1. 54
  1.  

  2. 8

    Great work okpok! I love that you had a question and ventured out to figure out the answer.

    1. 2

      Thank you, I appreciate the kind words!

    2. 6

      I’m definitely not an expert on garbage collection and haven’t thought it through, but the first thought I had was how useful this would be as an “infrequent access” GC’d heap in addition to a normal GC’d heap. So you allocate things in a normal mark-and-sweep heap, and if a thing hasn’t been dereferenced in a certain number of sweeps then it’s worth the overhead of moving it to the Infrequent Access GC’d heap. That way the normal “hot” GC doesn’t have large pauses checking everything, and you only pay the O(log32(n)) cost of dereference for things you know aren’t being accessed frequently.
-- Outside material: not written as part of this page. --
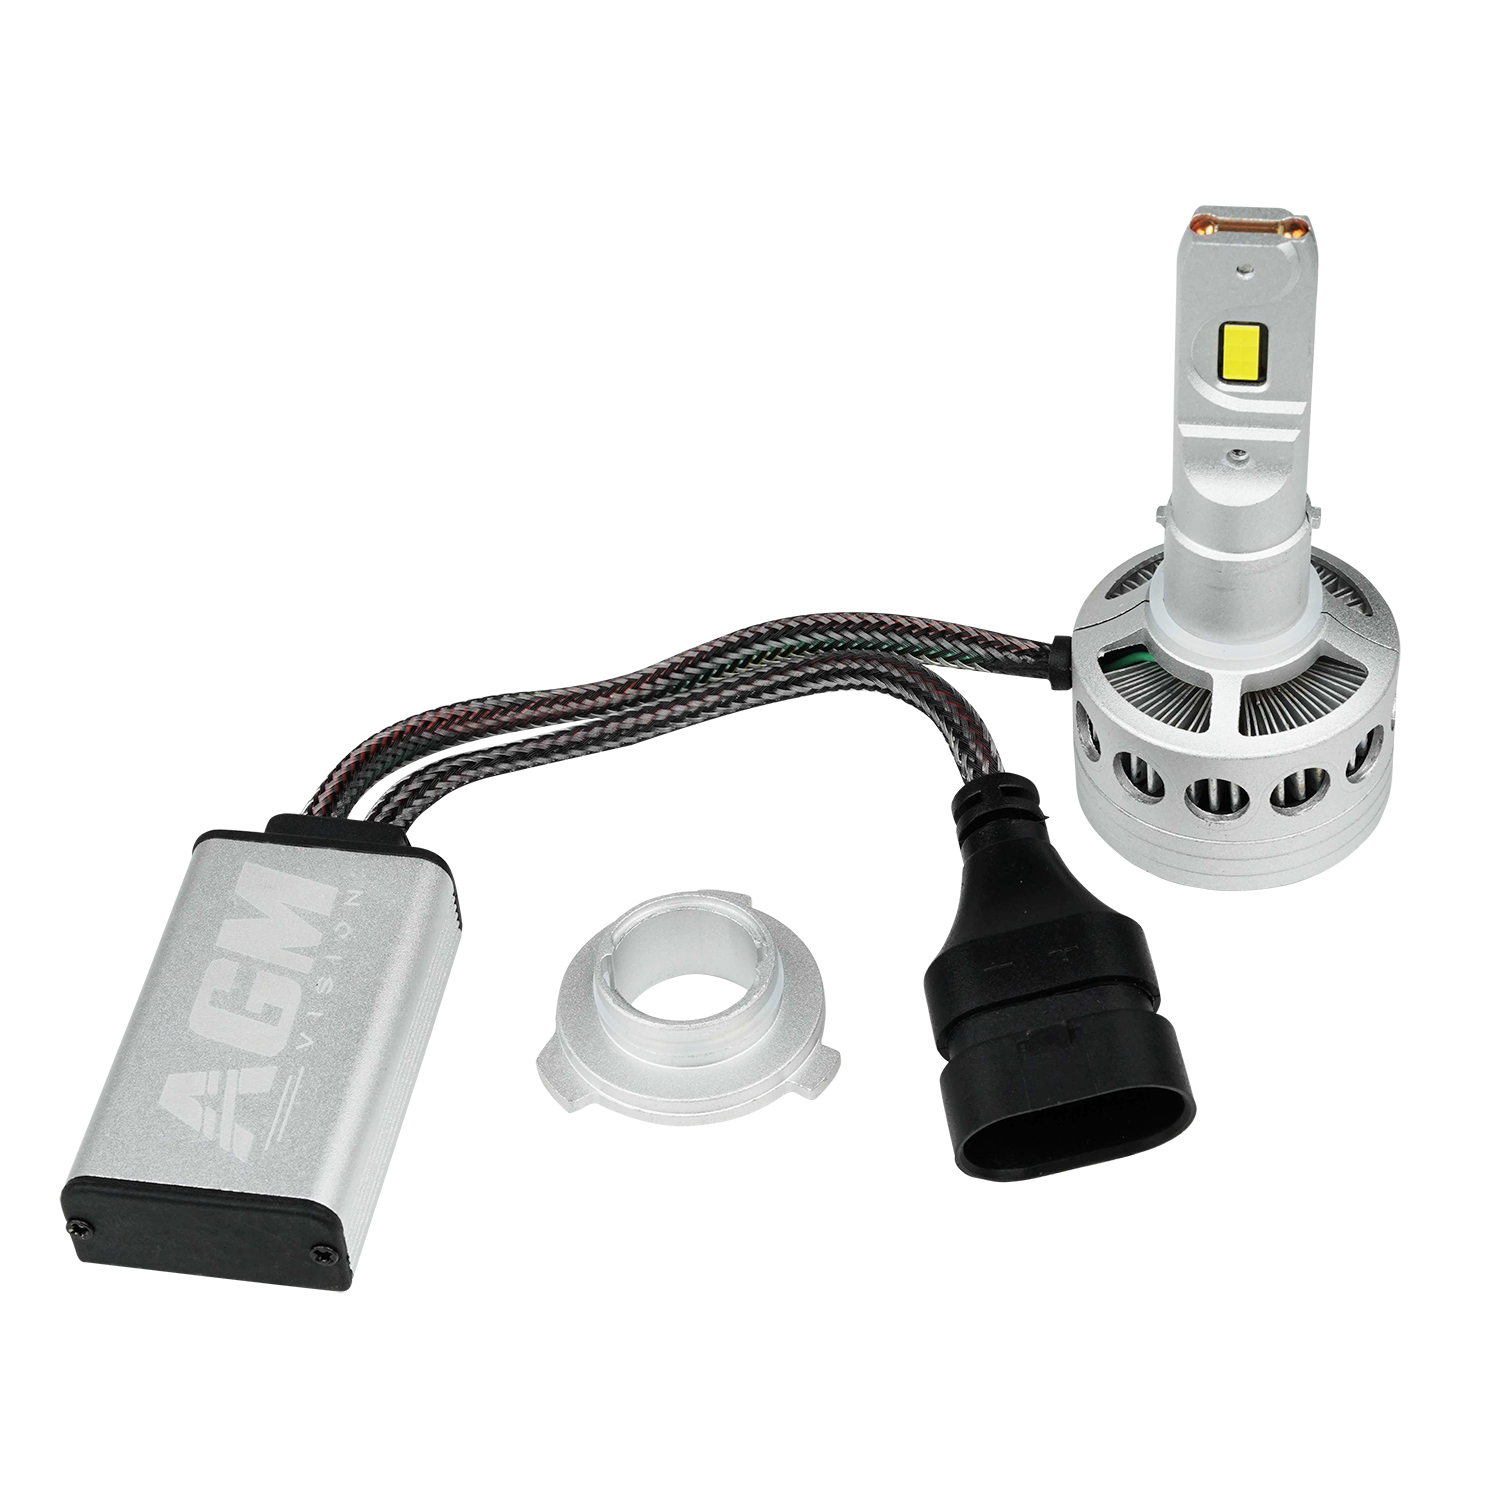 9005) - Ampoule LED HB3 6 LEDS HAUTE PUISSANCE BLANC - AUTOLED ®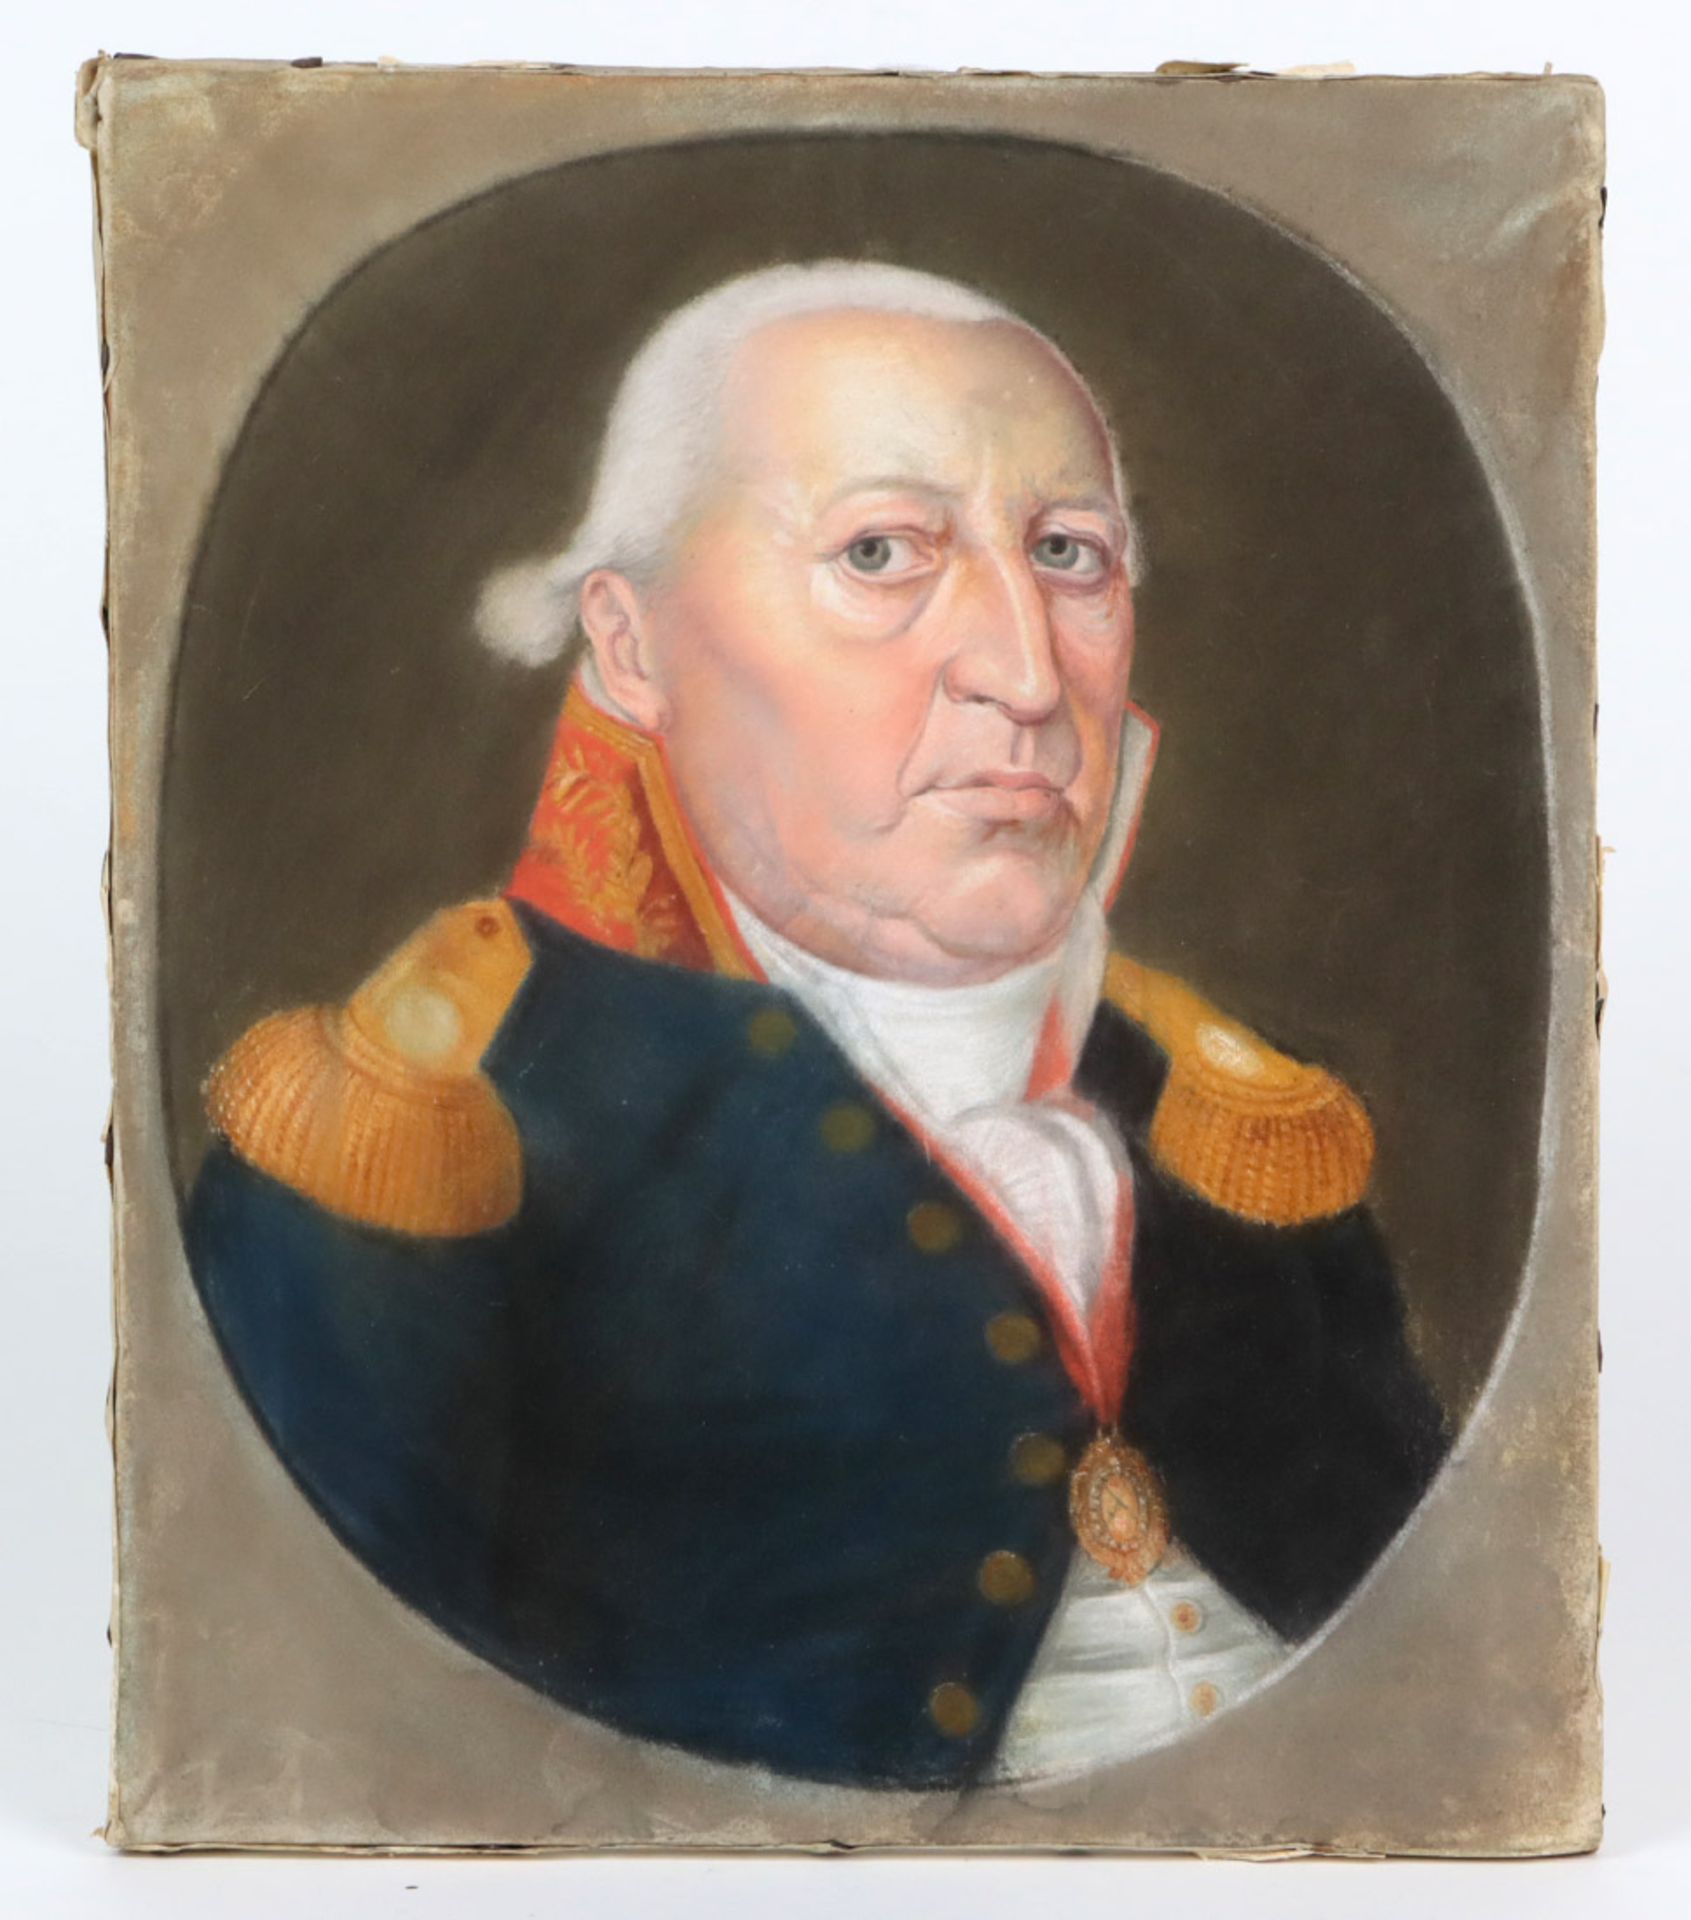 Biedermeier Herrenportrait 1810Pastell umseitig signiert F. Carri sowie *fecit 1810*, hochformatiges

      Again, I know very little about GC and it’s likely this is already something Generational GCs do. But I can think of many data services I’ve personally written where it seems like that’d be an almost ideal way to handle things (assuming a GC at all). One could imagine a “stow” keyword in a language to explicitly set aside objects you wanna keep around but probably won’t be used for a while.

      1. 7

        Thank you for commenting! I was trying to fully remove mark-and-sweep from the main thread, while also providing compaction/defragmentation. I wanted to get down to small O(1) pause times, even at the expense of making dereferences of handles more expensive, because I felt that this would be beneficial for the ergonomics of a language. (Once one accepts the cost of the dereferences being a little more expensive, they are distributed evenly throughout the program, and GC pauses essentially go away / are free). I think this is a sensible tradeoff. There may be other useful tradeoffs to make, where perhaps mark-and-sweep still exist to some degree on the main thread, as you’re suggesting, but I imagine present generational garbage collectors may already hit the mark (no pun intended) there.

      2. 3

        What are the benefits wrt another high performance GC? O(1) allocation and de-allocation is the norm.

        1. 7

          Thank you for asking. This implementation provides short O(1) pause times, regardless of working set size, and it also compacts. Maybe such things do already exist, but I couldn’t find such things when I searched as I was thinking about this project, so I thought this would be new. I’m happy to compare to another implementation if you could point me to one.

          1. 3

            I see. Given the expensive read barrier, I think there are other ways to achieve similar characteristics with better trade-offs (I can find references tomorrow, but it is a bit late here, sorry). However, your design seems to make a lot of sense for a compacting database (the expensive read barrier can be factored in the cost to access external pages, storage overhead might be a problem though).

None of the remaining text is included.